Ironically enough, the man pretty much responsible for the resurgence of interest in this 50s pin-up queen, Dave Stevens, had passed away earlier this year at the age of 52. I had heard that they were in contact with each and that there was a mutual respect between the two. The world this year has lost both the icon and the artist. They will be missed.
This article on Bettie's passing from the UK Telegraph:
Bettie Page, the Fifties centrefold who died on Thursday at the age of 85, made a career out of reducing men to rubble. But with her all-American physique, Cleopatran tresses, and blithe insouciance about being immortalised in states of undress, she also had an extraordinary effect on her own sex. The "Miss Pin-up Girl of the World", who rose to fame after she posed in 1955 in Hugh Hefner's newly launched Playboy magazine and became one most photographed women of the last century, she achieved that rare feat of being an object of masculine lust no less admired by women.
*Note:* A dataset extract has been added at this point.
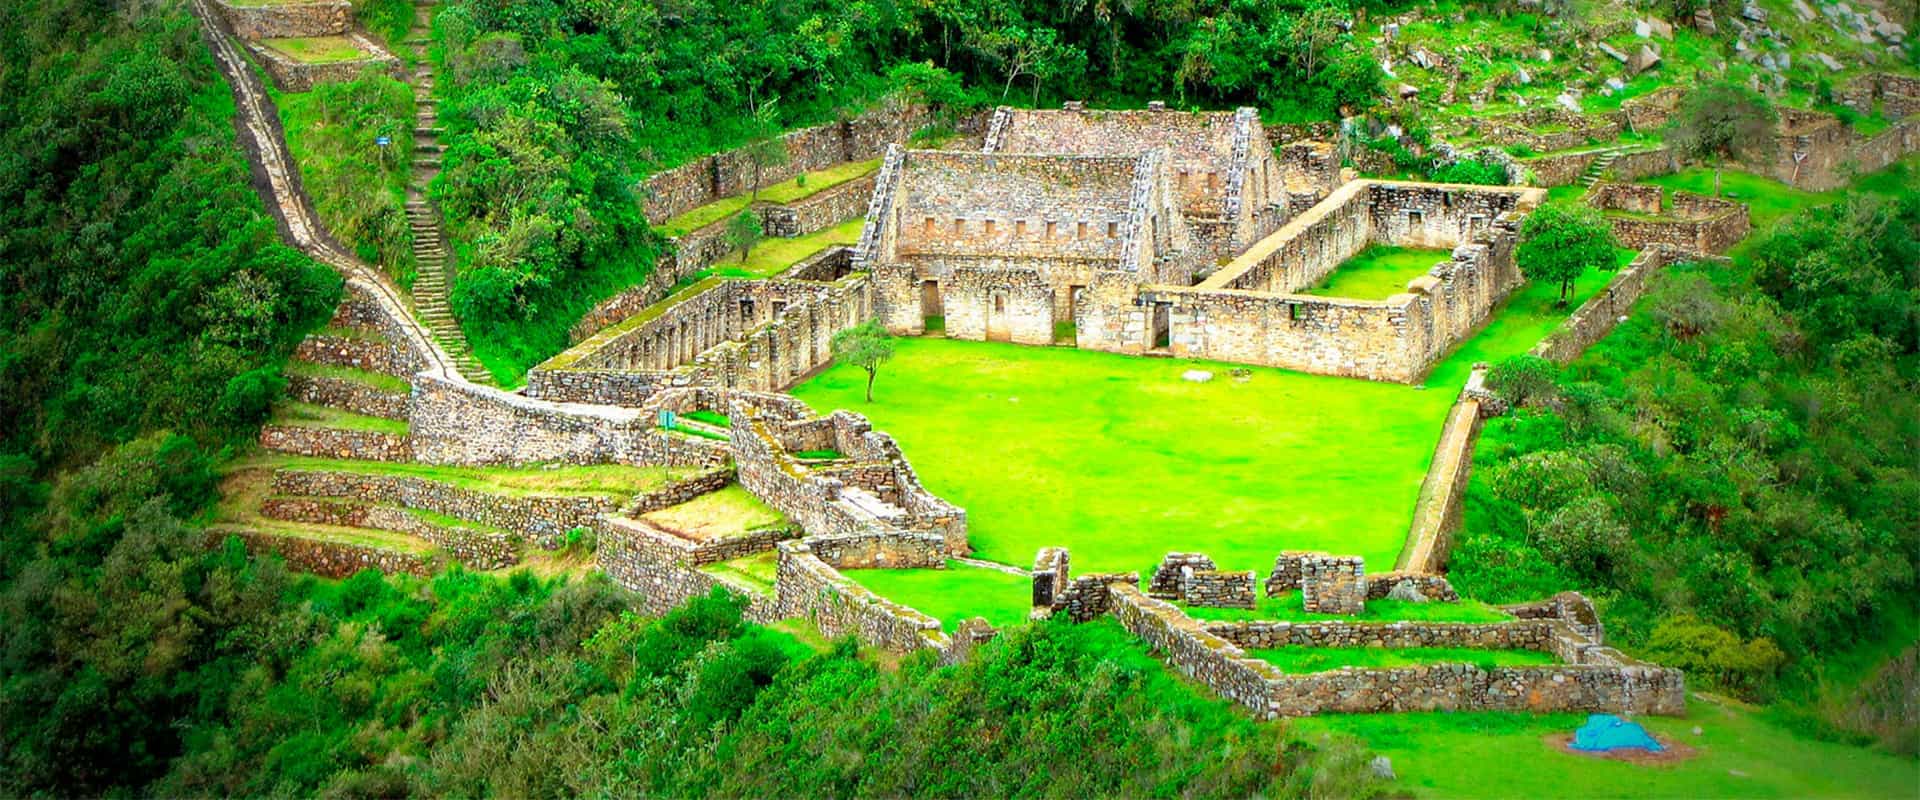 Travel To Choquequirao Tour Incas Path

Her role in the sexual revolution may have been in a minor key compared with the advent of feminism or the contraceptive pill. However, her jaunty up-and-at-'em approach to matters erotic sanctioned the idea that sex was a normal – or, at times, divertingly abnormal – part of the female repertoire.
There was something genuinely radical about her embodiment of a certain joie de vivre. Page herself once observed that: "Young women say I helped them come out of their shells." By her own acknowledgment, she was the girl next door who got the girl next door thinking.
Celebrated modern-day burlesque artist Dita Von Teese, whose own brand of voluptuosity is straight from the school of Page, today told the Telegraph: "With the passing of Bettie, we have lost yet another great 20th century icon. She dared to be different all those decades ago, combining an erotic fetishism and pin-up playfulness with a little wink of the eye. She certainly inspired me, and will be remembered by the world as a daring beauty and style icon for ever."
Page's biography may not offer much by way of liberation, encompassing, as it did, parental abuse, an inability to profit from her own image, and a descent into mental illness. However, her iconography enjoyed a life beyond such squalor.
Images of Page will continue to hold a resonance, whether pouncing in leopard-skin, flashing her magnificent bosom, or, yes, even gagged and bound. Sex, as Page's many incarnations taught Middle America, is curious, complicated and, above all, fun – not least when untrammelled by dogma.